§ **EXERCISE AIM**
Copy only what lies from the line containing "GIF animé de" through the line containing "Бондінг-крем для волосся" in the entries below, keeping both end lines exact and dropping every picture.

§ **EXERCISE DATA**
▬▬▬▬▬▬

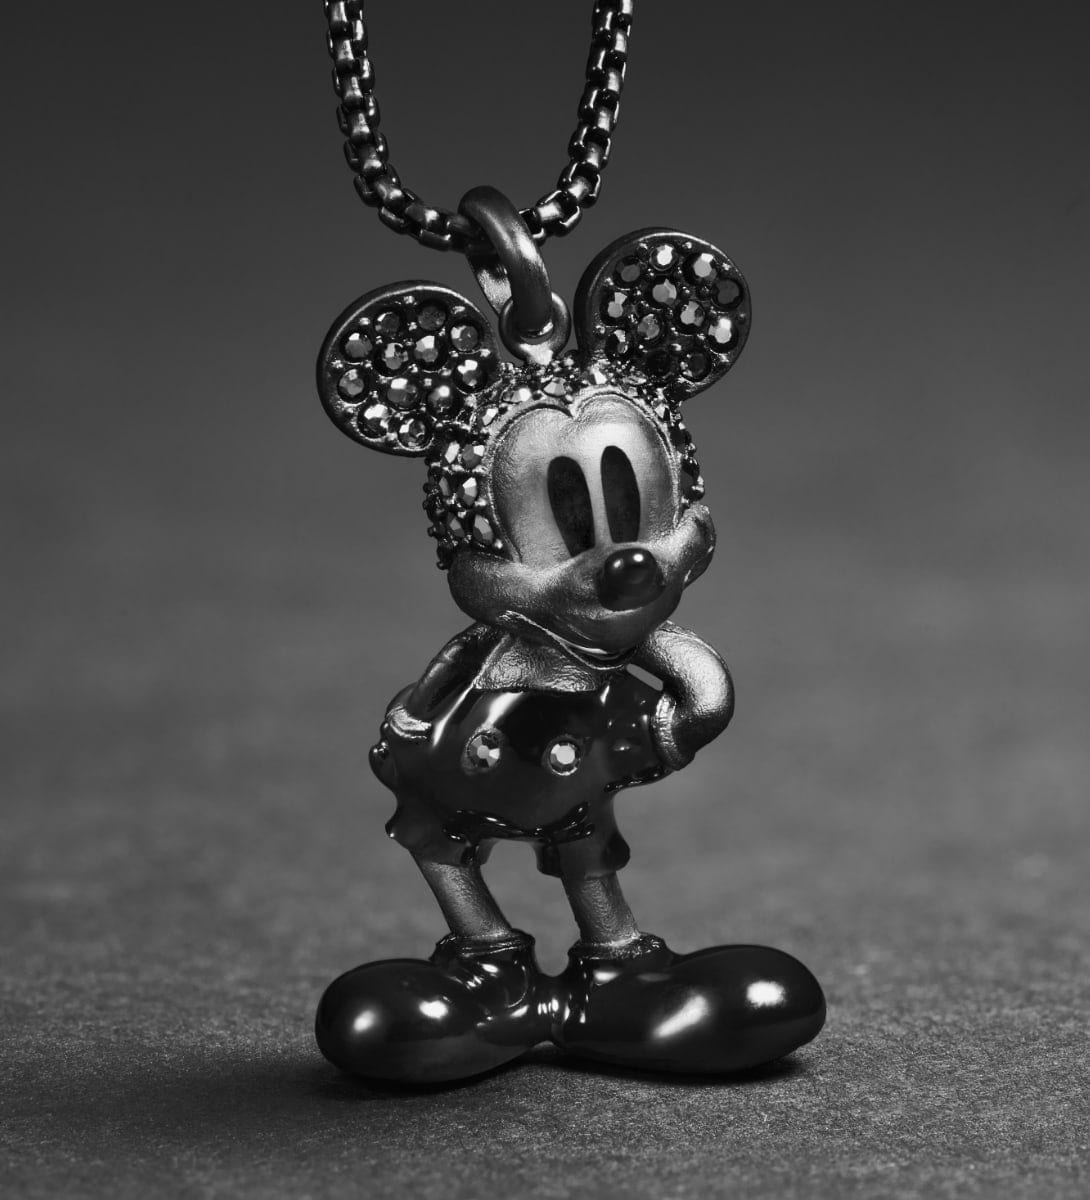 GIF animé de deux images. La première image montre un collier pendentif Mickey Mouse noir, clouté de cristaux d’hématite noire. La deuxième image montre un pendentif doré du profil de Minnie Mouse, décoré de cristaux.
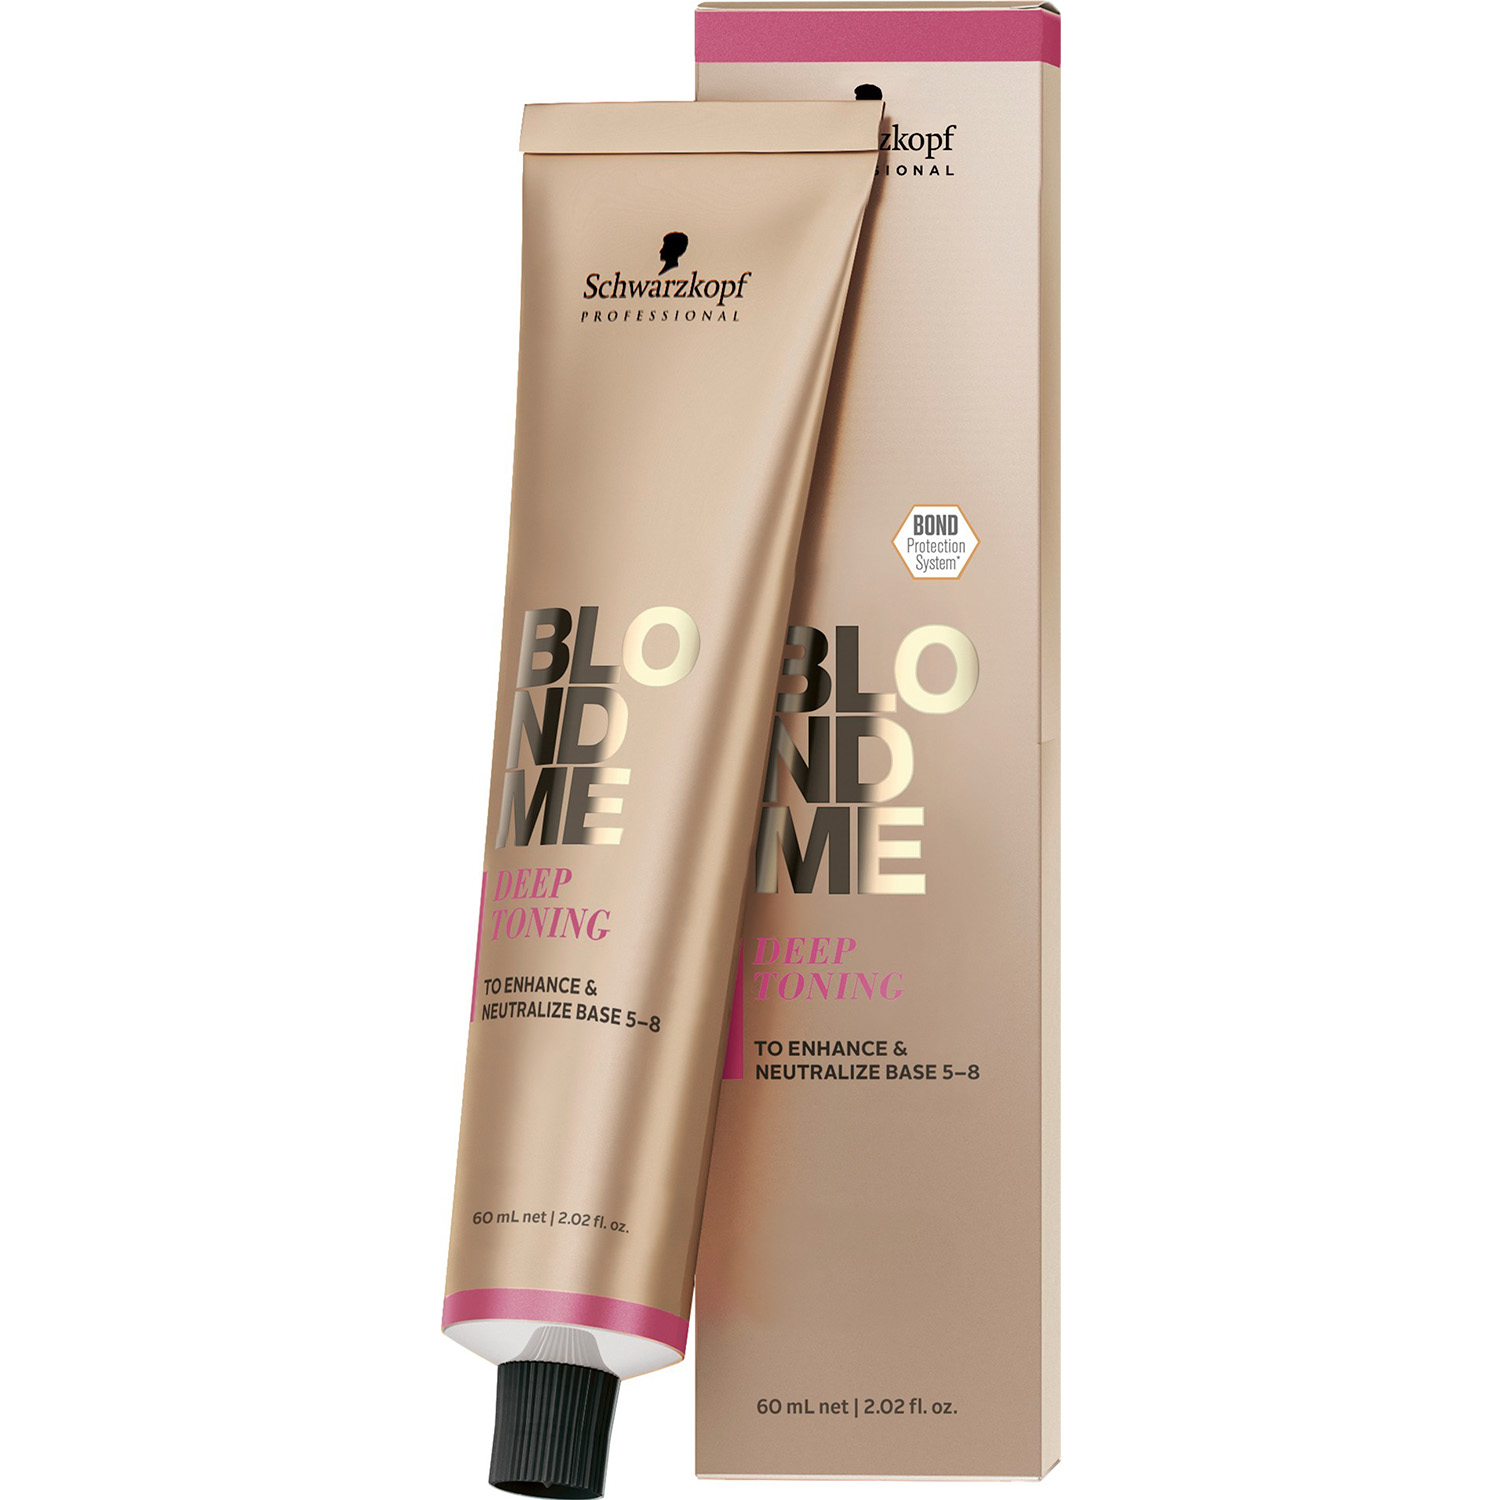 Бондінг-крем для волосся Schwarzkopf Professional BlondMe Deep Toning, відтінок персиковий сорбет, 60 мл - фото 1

▬▬▬▬▬▬

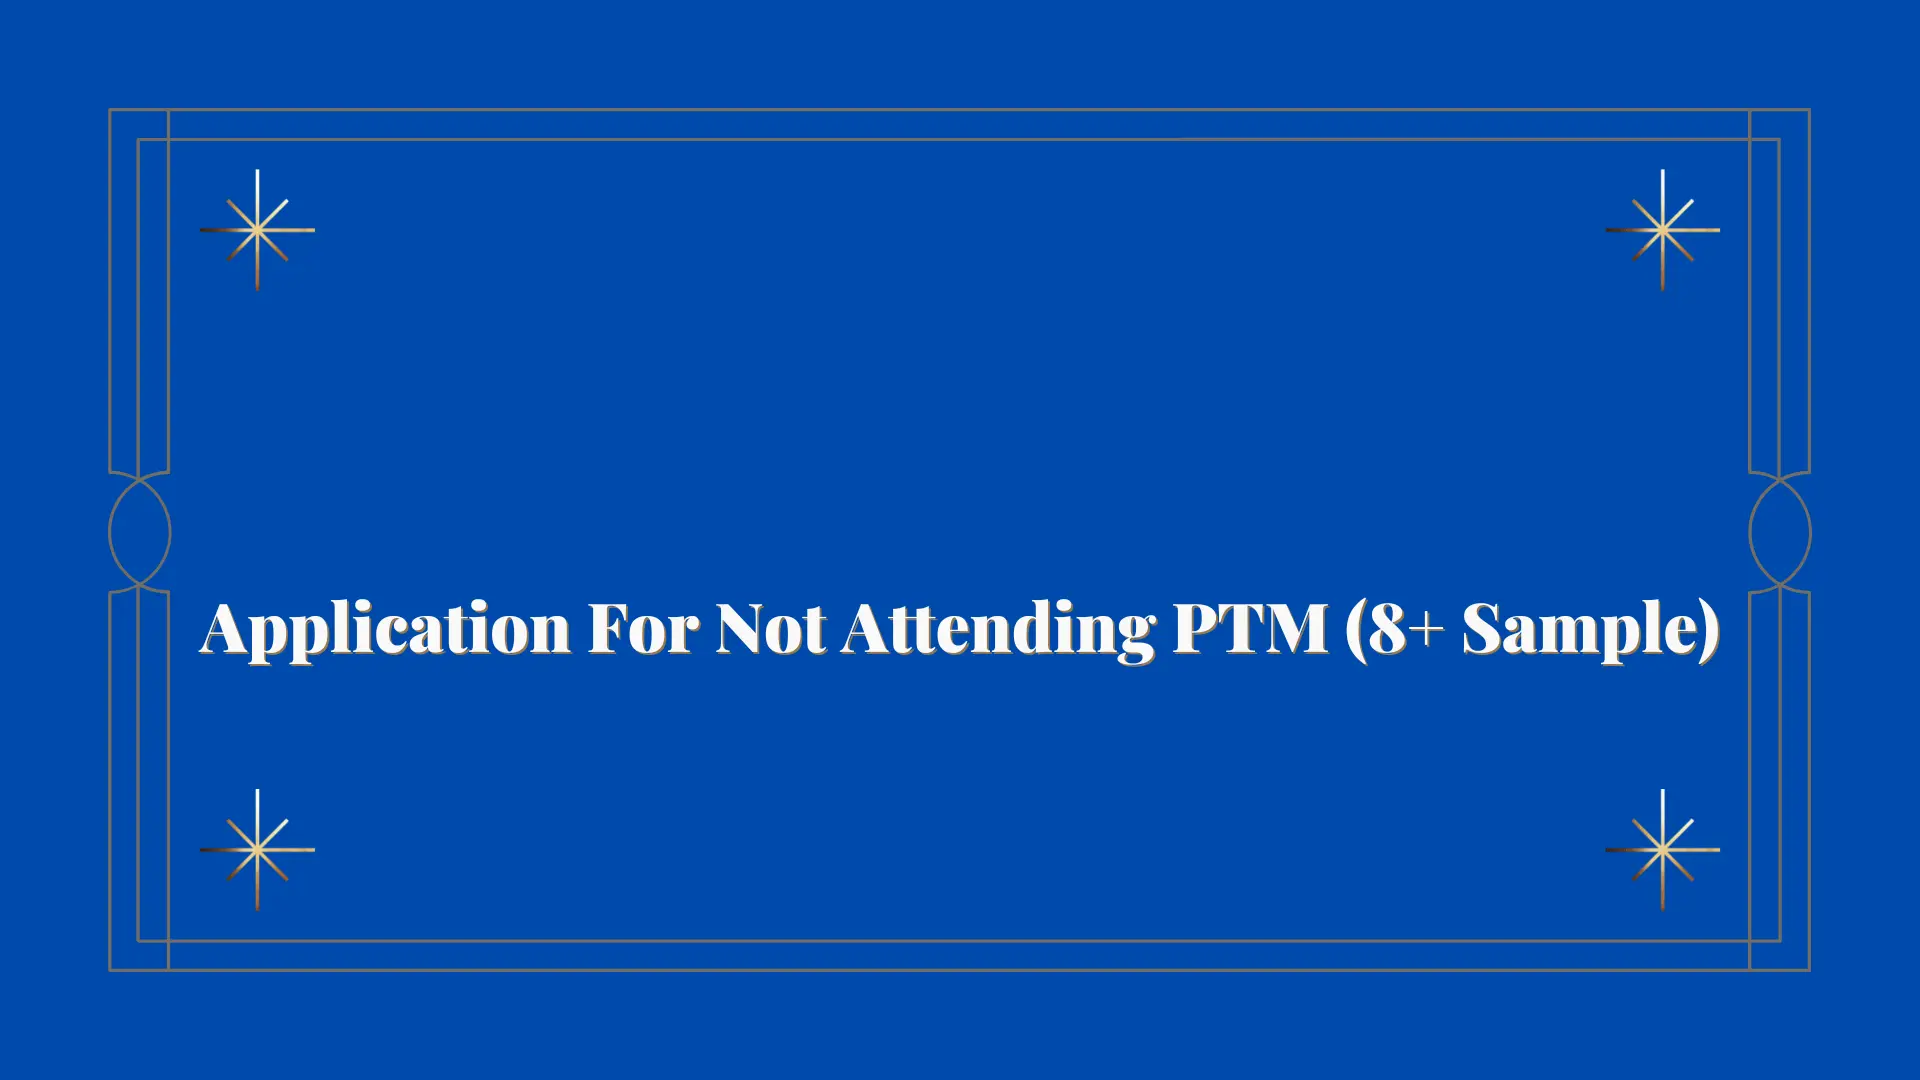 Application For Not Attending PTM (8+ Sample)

▬▬▬▬▬▬

§ **SOLUTION**
 GIF animé de deux images. La première image montre un collier pendentif Mickey Mouse noir, clouté de cristaux d’hématite noire. La deuxième image montre un pendentif doré du profil de Minnie Mouse, décoré de cristaux.
 Бондінг-крем для волосся Schwarzkopf Professional BlondMe Deep Toning, відтінок персиковий сорбет, 60 мл - фото 1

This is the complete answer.